Q&A – Germany faces heated debates over climate policy in 2024 EU election

Voters in Germany, alongside other EU citizens, will head to the polls one year from now to elect a new European Parliament and lay the groundwork for the next European Union executive to shape energy and climate policy for five years. Climate change was the top issue for German voters in the last European election in 2019, following summer heatwaves and a series of powerful protests by Fridays for Future student activists. June 2024, however, could see a different kind of “climate election”: many voters are more concerned about issues such as the cost-of-living crisis or security policy following Russia’s invasion of Ukraine. Intense public debates over a government proposal to effectively ban new oil and gas heaters showed that tensions may intensify as citizens see their daily lives increasingly affected by climate action. Regional elections in several eastern German states later in 2024, where populist and far-right parties have especially seized on people’s fears of change and high prices, may add to a tense environment.

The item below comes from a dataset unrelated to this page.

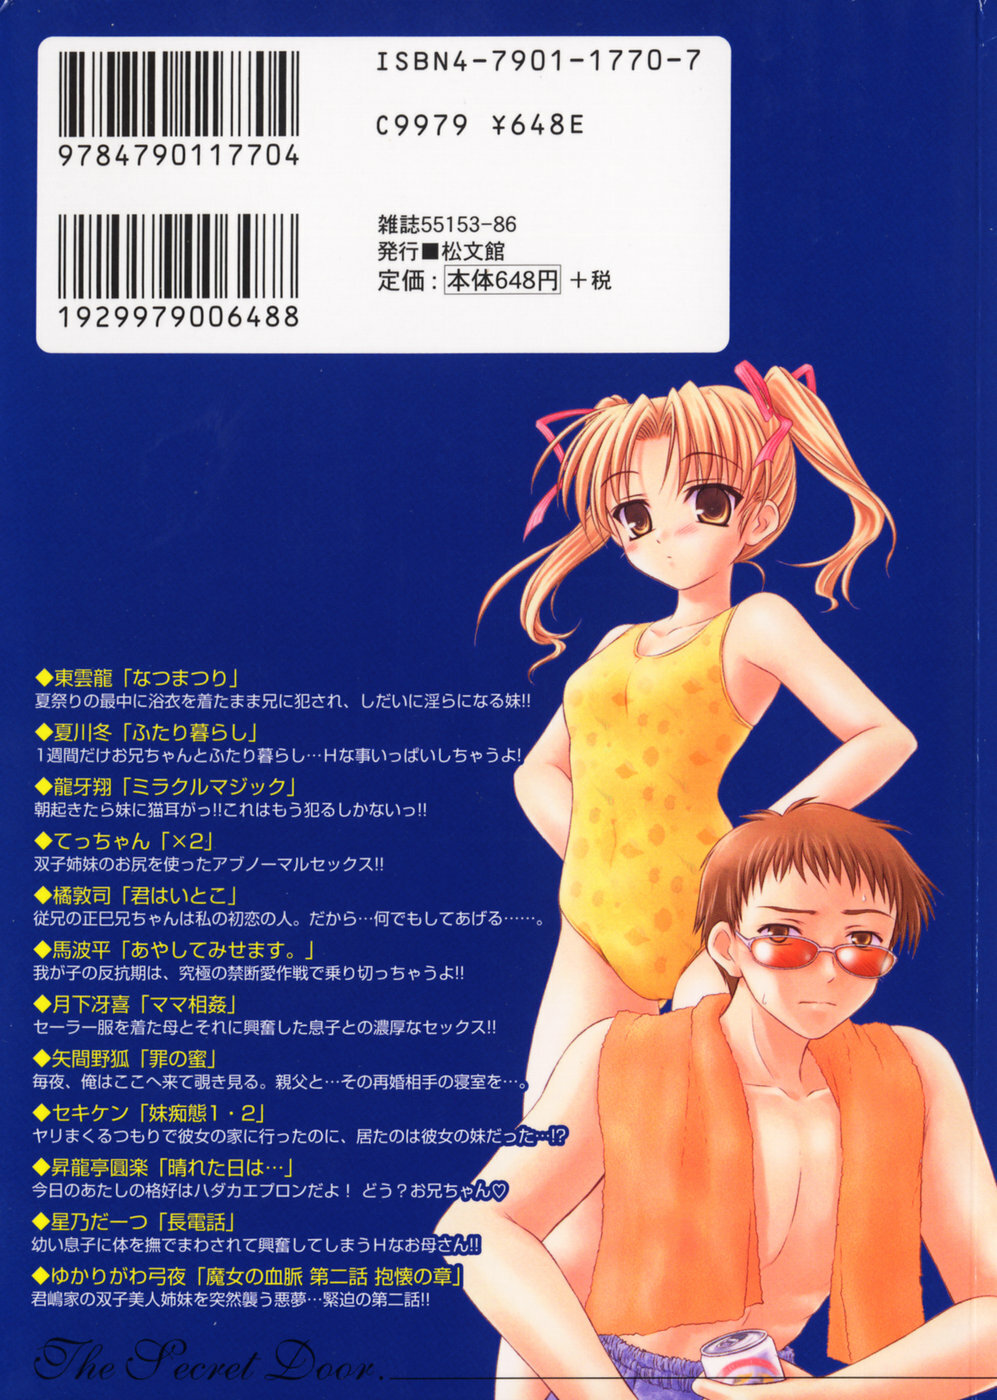 [Anthology] Himitsu no Tobira 5 Kinshin Ai Anthology (The Secret Door) page 214 full

This Q&A is part of a series from several countries highlighting the role and relevance of the European elections in 2024 into shaping climate and energy policy in the 27-member bloc. More will be published in the coming days. Find the Q&A on France here, and the Q&A on Croatia here.

1. Which European climate and energy policy debates are important in Germany’s national conversation?

Germany’s public political debate over the past two years has been dominated by climate and energy issues, closely linked to what was happening in the rest of Europe. When the new government entered into power in late 2021, it made the implementation of the country’s move to climate neutrality by 2045 and the necessary modernisation of economy and society the focus of its coalition agreement. At the same time, the government has insisted on using fossil gas as a bridging fuel for the energy transition. This led to tensions at the European level, when Germany pushed to include gas in the taxonomy for sustainable investments.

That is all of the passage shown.